Comparing Scanned Documents Tips and Workarounds
Acrobat Pro includes tools that allow you to compare two PDFs to quickly spot the differences.
In Acrobat X Pro, the Document Comparison feature is available by choosing View>Compare Documents.
For a brief demonstration of this feature, click here.
Recently, I received an email from a law firm that was having trouble comparing two PDFs. The firm reported that during comparison, Acrobat couldn’t find any differences in the documents, even though visual differences were apparent during a visual inspection.
I was able to examine the documents and discovered that:
- The source documents were scanned documents
- One document was scanned in black and white. The other was scanned in greyscale.
- Documents were OCR’d
The difference in color space (black and white vs. greyscale) was enough to seriously affect Acrobat’s ability to detect changes.

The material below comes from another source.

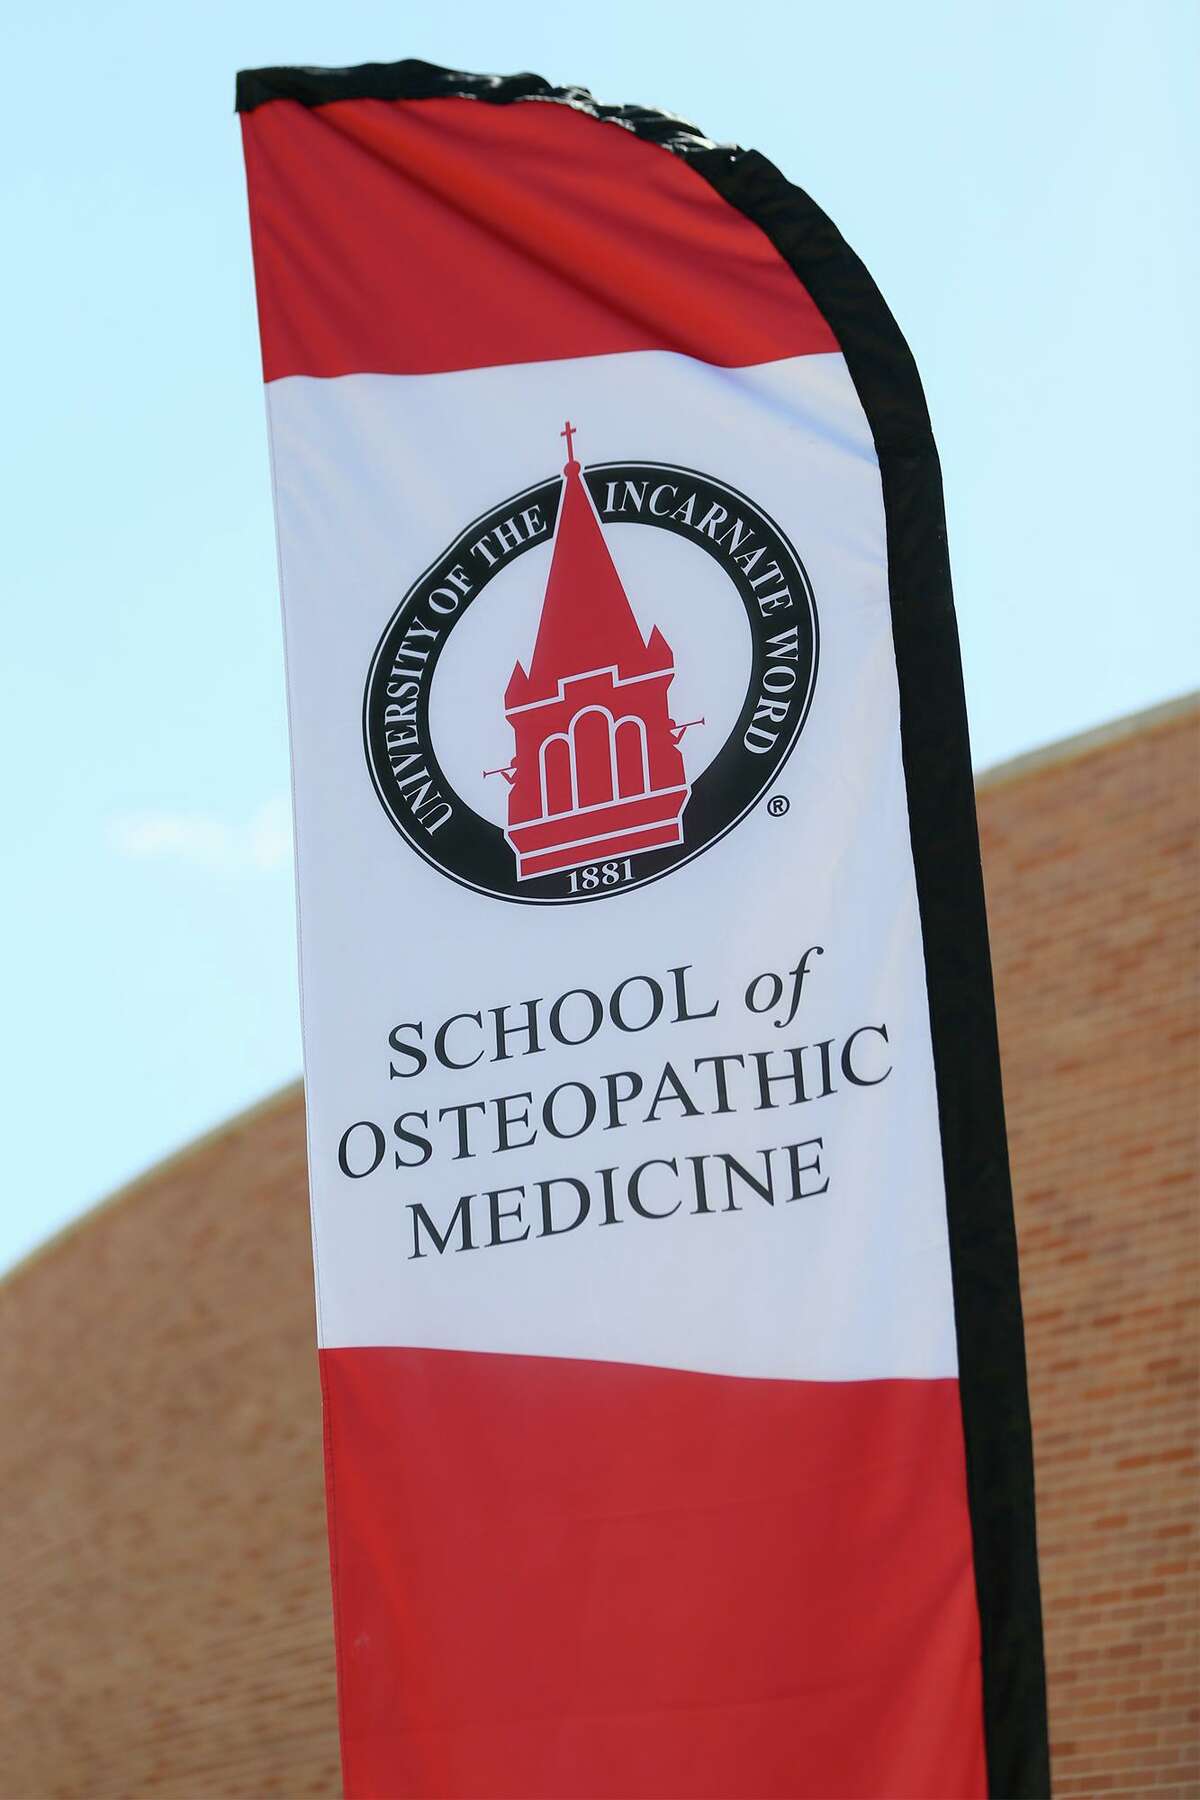 A banner flies outside UIW's School of Osteopathic Medicine at Brooks. On Friday, the university announced it has purchased seven building at South Side mixed-use development to house its health professions programs.

In effect, Acrobat saw these as being two completely different documents.
That’s probably a bug (I reported it), but we all still have a job to do. Fortunately, I was able to come up with a workaround.
Control the Scanning
When you can, make sure that scanned documents which need to be compared are scanned using identical settings.
That isn’t always possible if you receive documents from the other side or via the court. What to do?
ClearScan to the Rescue
Acrobat offers different “flavors” of OCR. The type used most frequently by legal professional is searchable image, sometimes referred to as “image+text”. When Searchable Image OCR is performed on a scaned doc, the original scanned image is left in place in the PDF and an invisible layer of searchable text is added.
Acroat 9 introduced a new OCR option called ClearScan designed to enhance the quality of the document post-scan.
ClearScan works by turning the images which represent text characters on the page into smoothed vector outlines. Each character on the page is compared and all matching characters are replaced with a an outline character:
800% View in Acrobat 300 dpi scan
You can read more about ClearScan in my article Better PDF OCR. ClearScan is smaller, looks better.
RE-OCRing using ClearScan
I found that running ClearScan OCR on the documents supplied to me by the customer, that Acrobat could then find difference in the text.
Since ClearScan is not the default type of OCR that Acrobat uses, many folks never discover it on their own.
Here’s how to OCR using ClearScan in Acrobat X:
- Open the Tools Panel
- Go to the Recognize Text section and choose In this File
- The Recognize Text window appears. Click the Edit button:
- In the Settings window, choose ClearScan from the PDF Output Style menu, then click OK.
- Click OK again to OCR your document using ClearScan.
Like some other choices in Acrobat, making the change above (Step 4) is a “sticky” setting. If you don’t want to use ClearScan the next time you OCR, you’ll need to remember to change it back. If you think you might occasionally want to use ClearScan, you might consider creating a quick Action which includes the ClearScan option.
ClearScan OCR has many benefits over traditional OCR (smaller file size, faster printing), but I do not reccomend using it in all legal workflows.
Because ClearScan changes the original scanned image, replacing it with a cleaner vector representation, you might potentially call into question the validity of your documents.
Finally, while you can Re-OCR an existing OCR’d PDF using ClearScan, you cannot revert back to the Searchable Image flavor later. For that reason, you might wish to duplicate the documents and work on a copy.